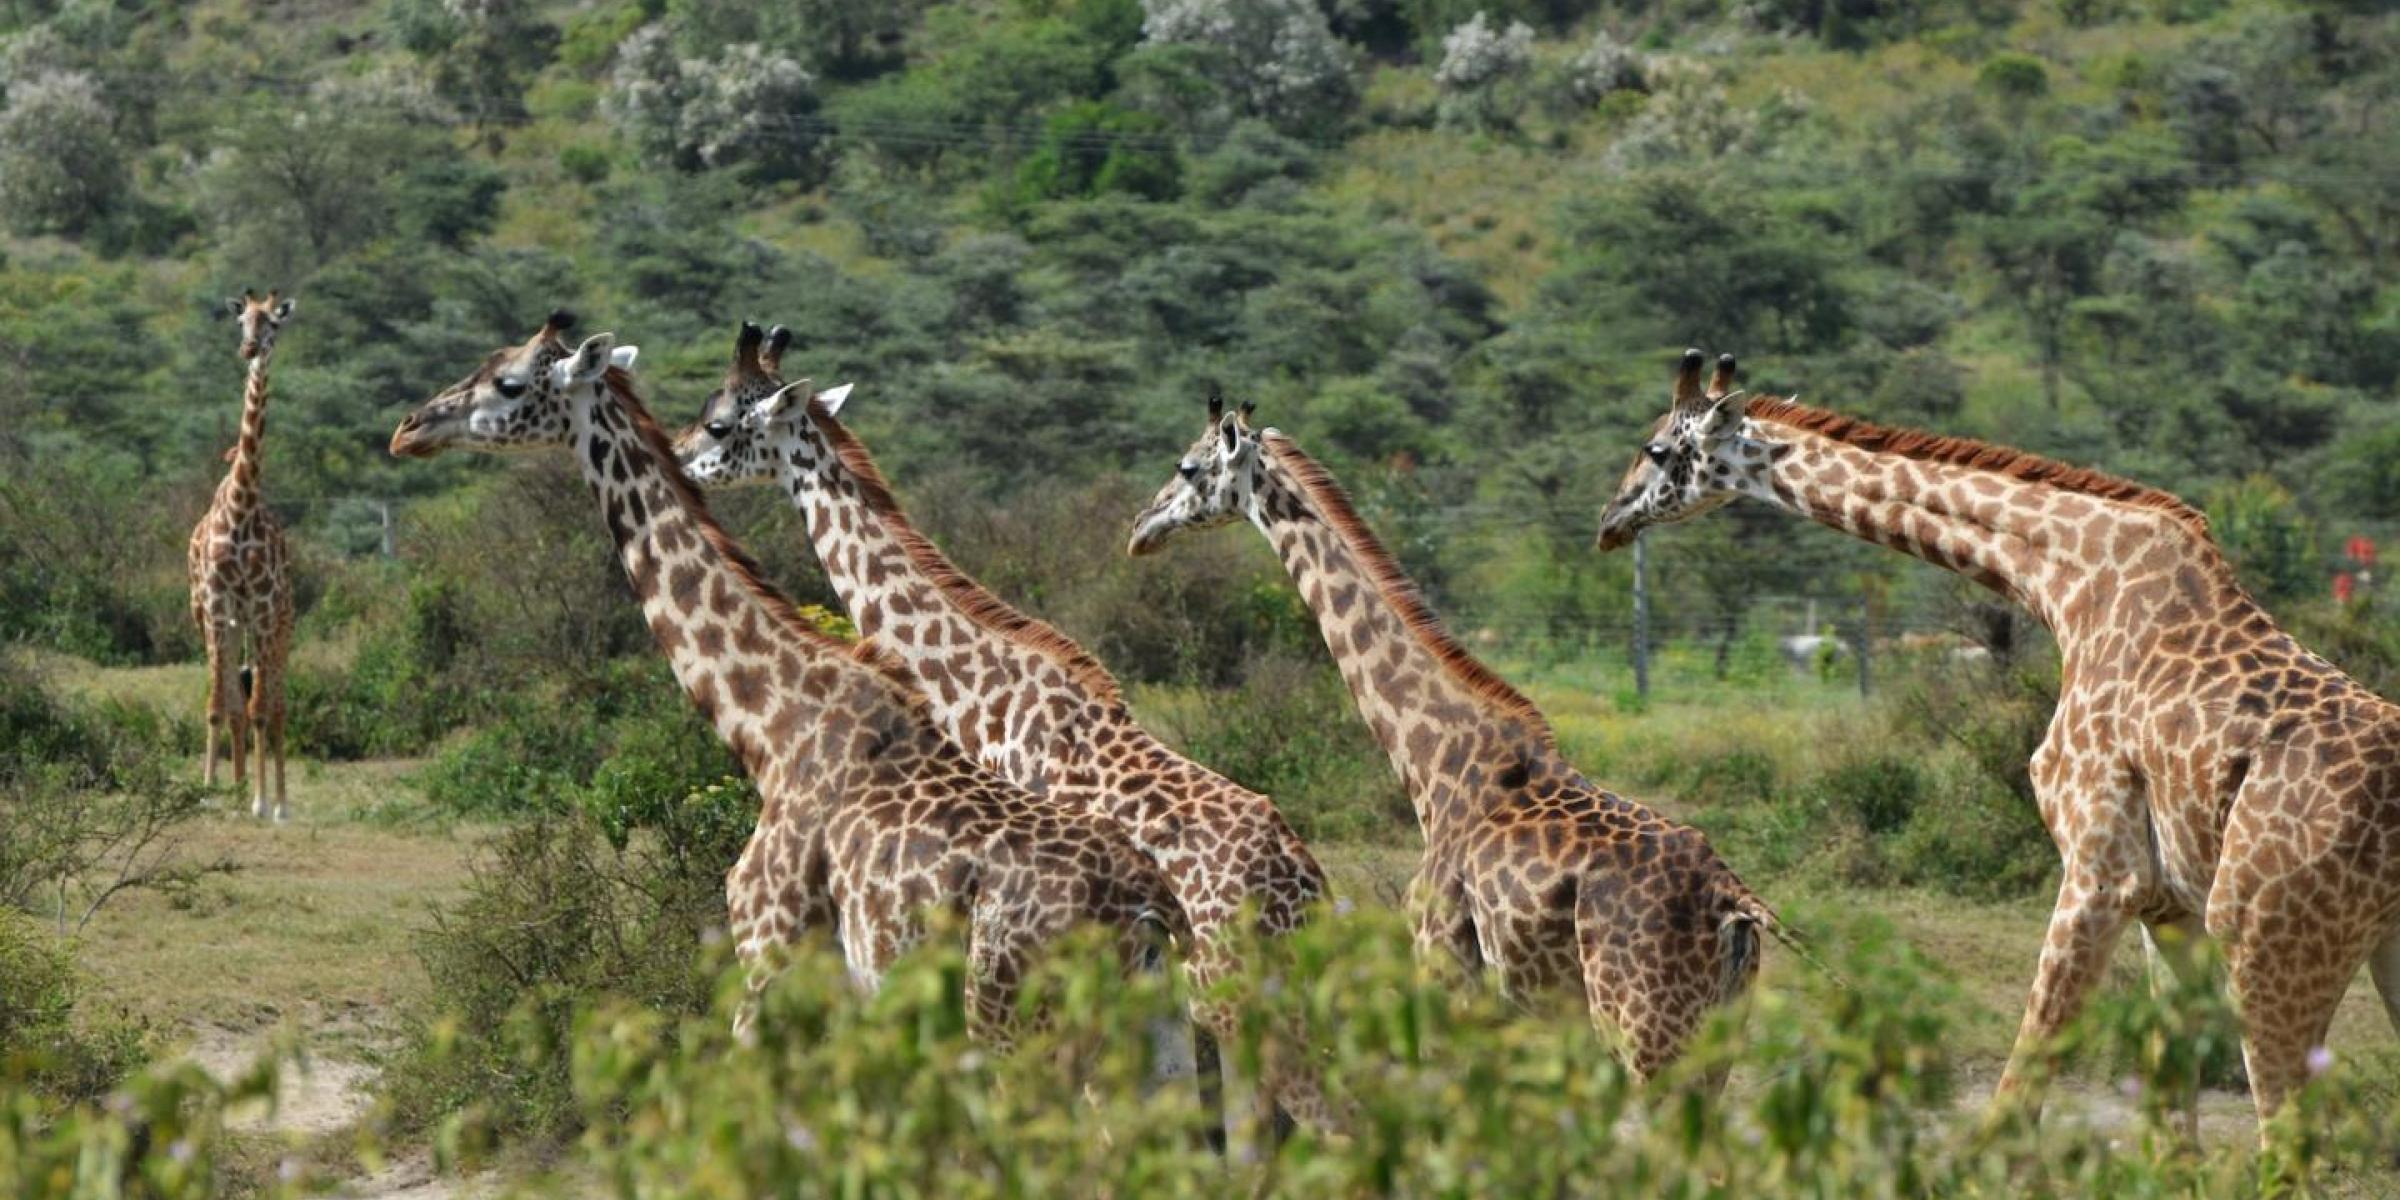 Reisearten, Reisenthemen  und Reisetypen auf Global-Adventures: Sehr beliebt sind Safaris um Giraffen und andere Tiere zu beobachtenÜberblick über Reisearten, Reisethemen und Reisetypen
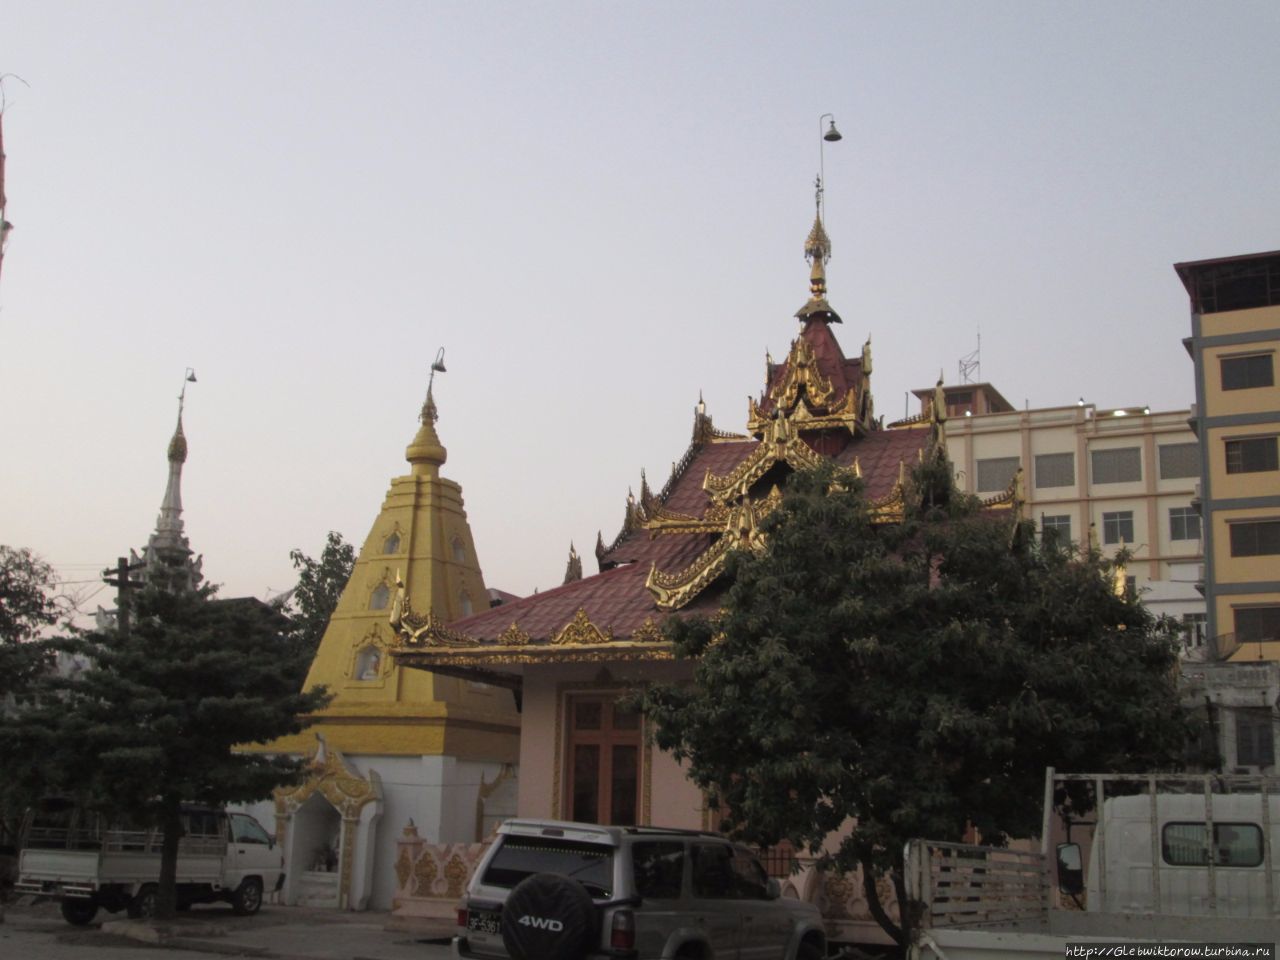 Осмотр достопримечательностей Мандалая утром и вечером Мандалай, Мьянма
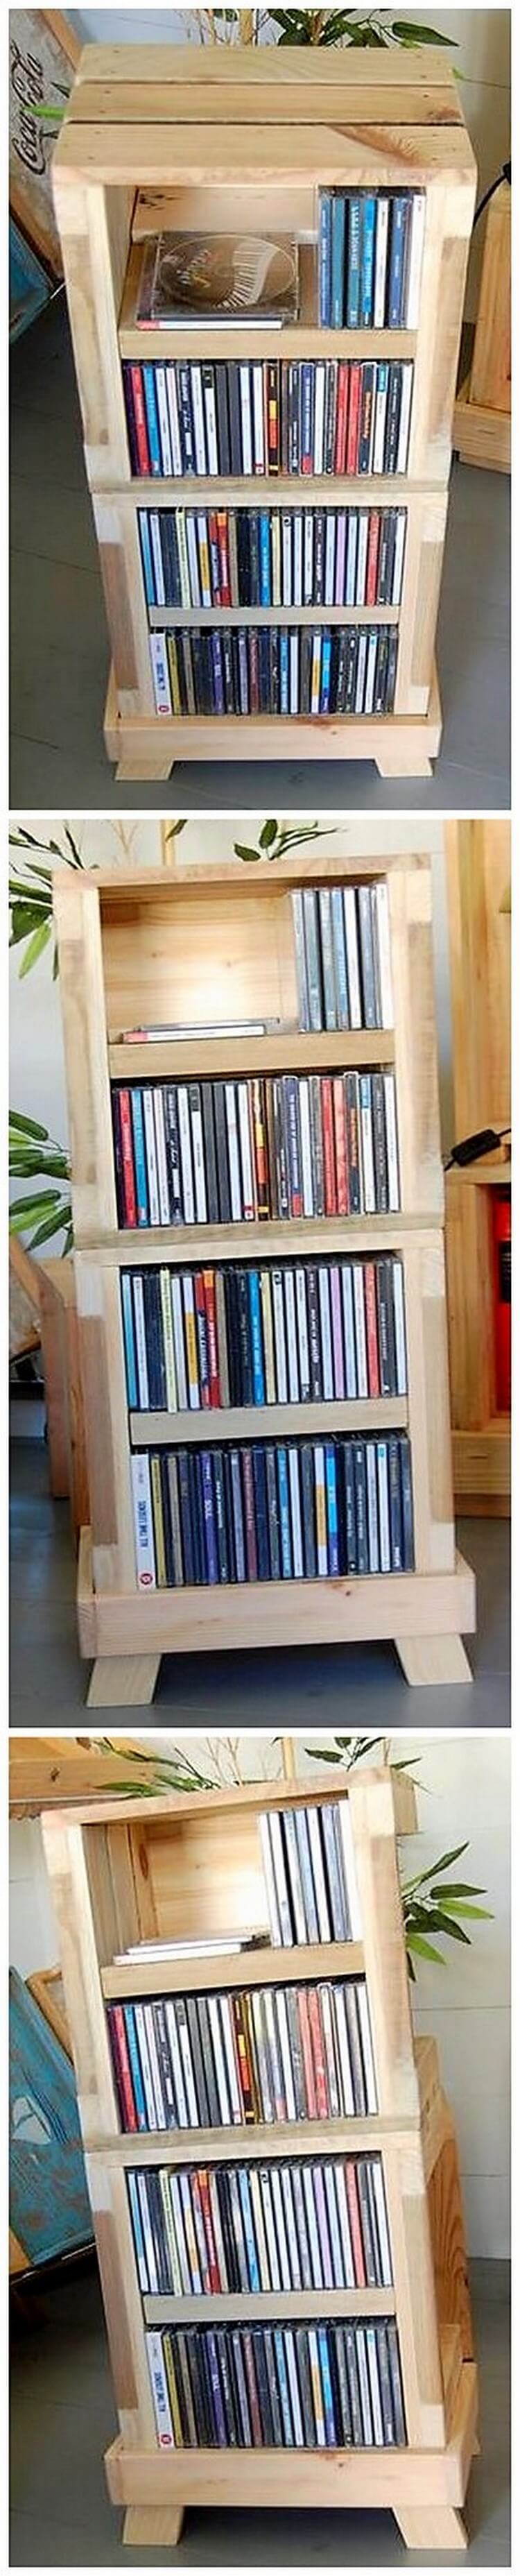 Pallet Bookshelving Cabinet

★ ★ ★ ★

--- Description of the task ---
Print the whole listing again exactly, please. No pictures.

--- Answer for the task ---
 Reisearten, Reisenthemen  und Reisetypen auf Global-Adventures: Sehr beliebt sind Safaris um Giraffen und andere Tiere zu beobachtenÜberblick über Reisearten, Reisethemen und Reisetypen
 Осмотр достопримечательностей Мандалая утром и вечером Мандалай, Мьянма
 Pallet Bookshelving Cabinet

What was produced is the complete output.